E' stato, quasi in questo periodo, cinquant'anni fa. I Beatles toccarono terra a Sydney l'11 giugno 1964 e trascorsero in Australia tredici giorni eseguendo venti concerti tra Adelaide, Sydney, Melbourne e Brisbane. Il loro manager Brian Epstein promise che li avrebbe riportati nella Terra dei Canguri, ma i Quattro di Liverpool non tornarono mai più. EMI Music Australia ha messo in Rete "The Beatles - 1964 Australian tour highlights reel", un video che mostra interessanti spunti della visita. Le immagini di mezzo secolo fa ci restituiscono scene di impressionante, a volte epica Beatlemania: ad Adelaide ad esempio scesero in strada ben 300.000 persone.
L'ultimo concerto dei Beatles con pubblico pagante si tenne al Candlestick Park di San Francisco il 29 giugno 1966. Epstein morì nell'agosto 1967.

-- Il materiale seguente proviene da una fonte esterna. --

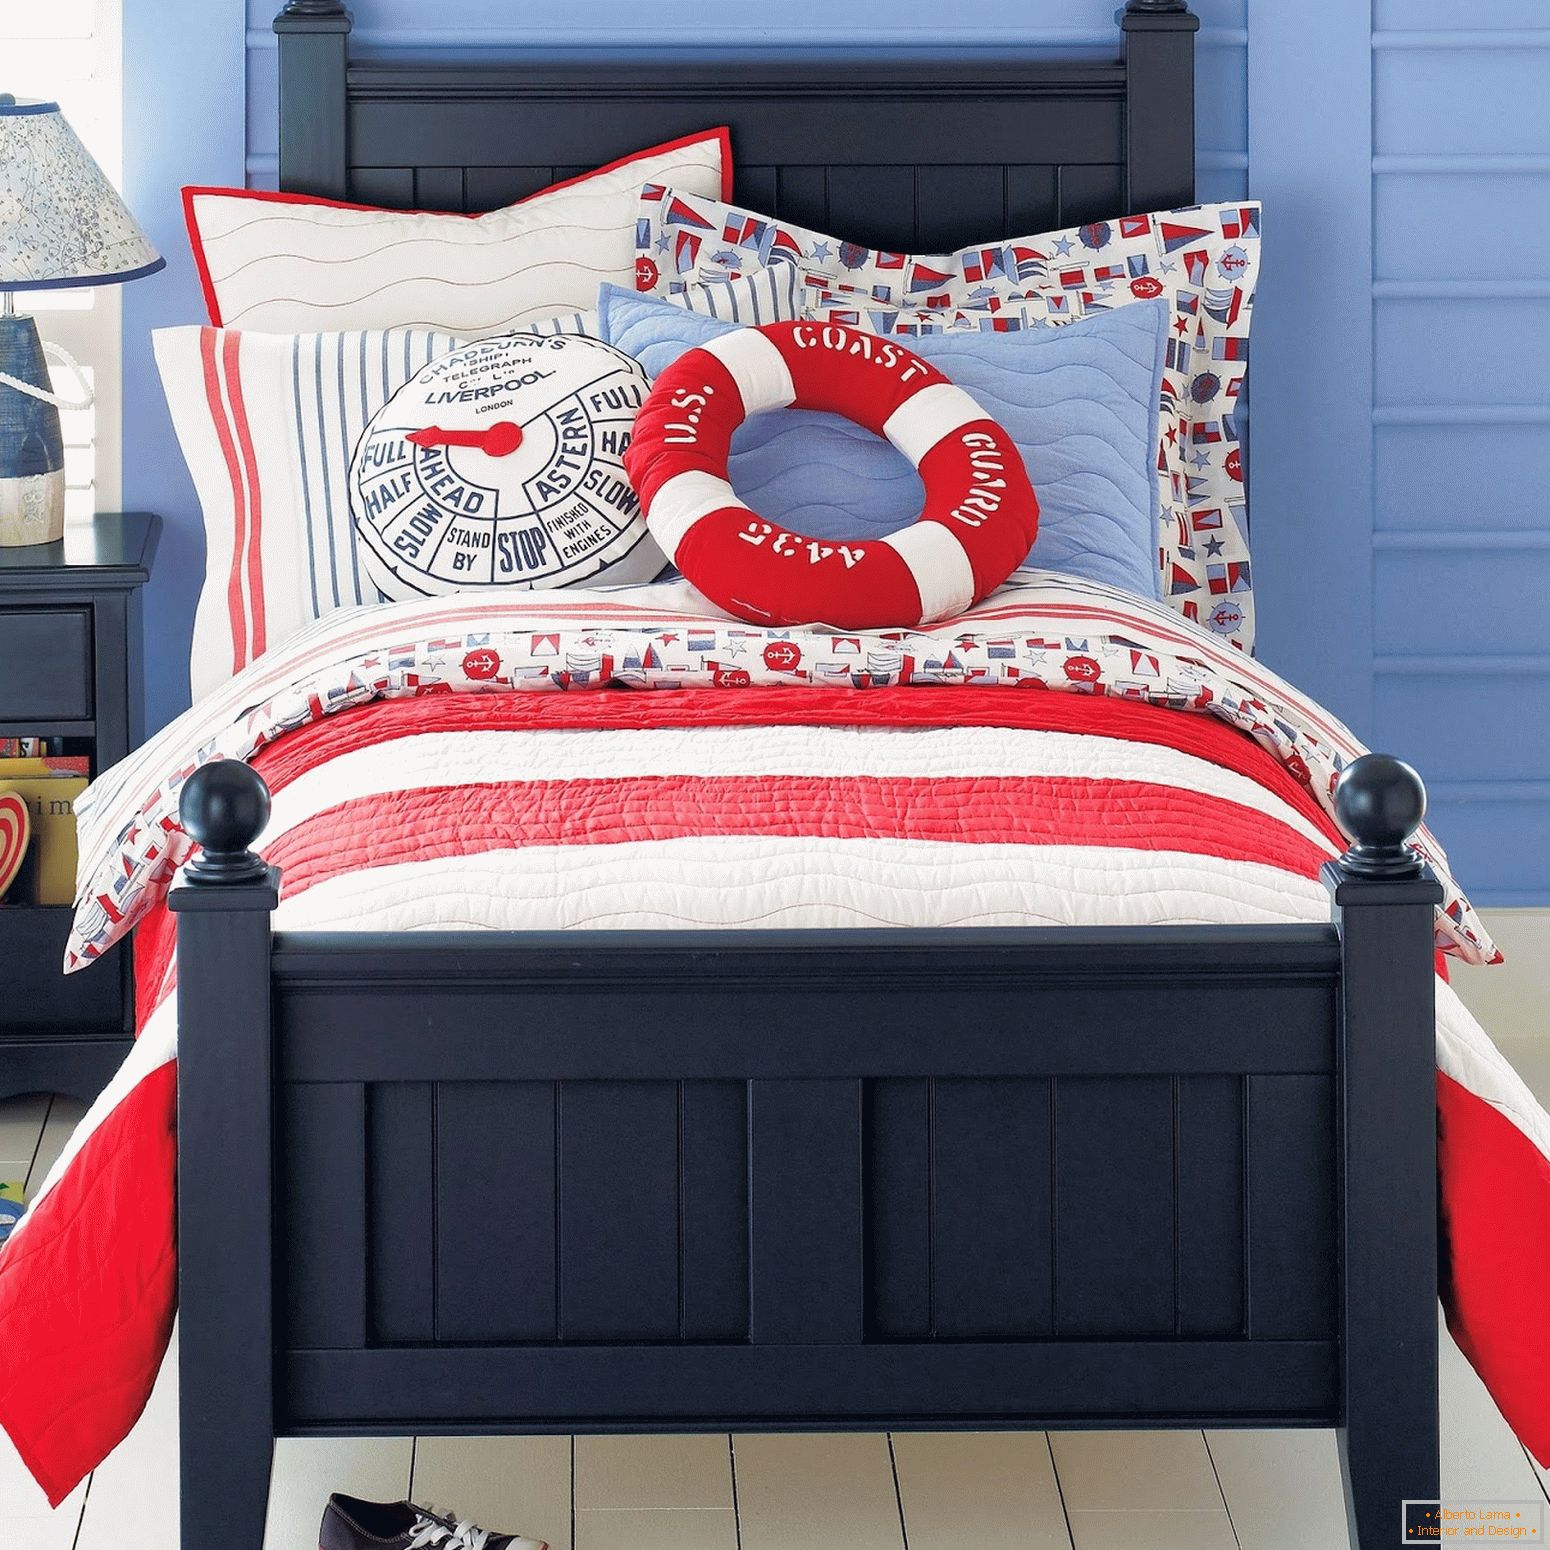 A bed for a sailor's boy

E' doveroso, visto che si parla di Australia, ricordare un episodio forse minore ma interessante della carriera dei Beatles. I primi concerti in quel Paese il gruppo li affrontò senza Ringo Starr, colpito da faringite e tonsillite. I Fab rimpiazzarono temporaneamente il loro batterista, che si era ammalato il 3 giugno '64, con l'allora 24enne Jimmie Nicol, un session drummer londinese. Nicol eseguì otto concerti con la band più famosa del mondo; il primo già il giorno dopo essere stato assunto, il 4 giugno a Copenaghen. I Beatles arrivarono, come detto, l'11 giugno a Sydney provenienti da Hong Kong. Il giorno successivo andarono ad Adelaide, dove tennero quattro concerti in due giorni. Ringo tornò in line-up il 14 giugno, e il suo sostituto volò dritto in Gran Bretagna. All'ora della partenza gli altri tre dormivano, e quindi non fu in grado di poterli salutare. Brian Epstein gli mise in mano un assegno, e con quello si concluse il quarto d'ora di fama di Jimmie Nicol.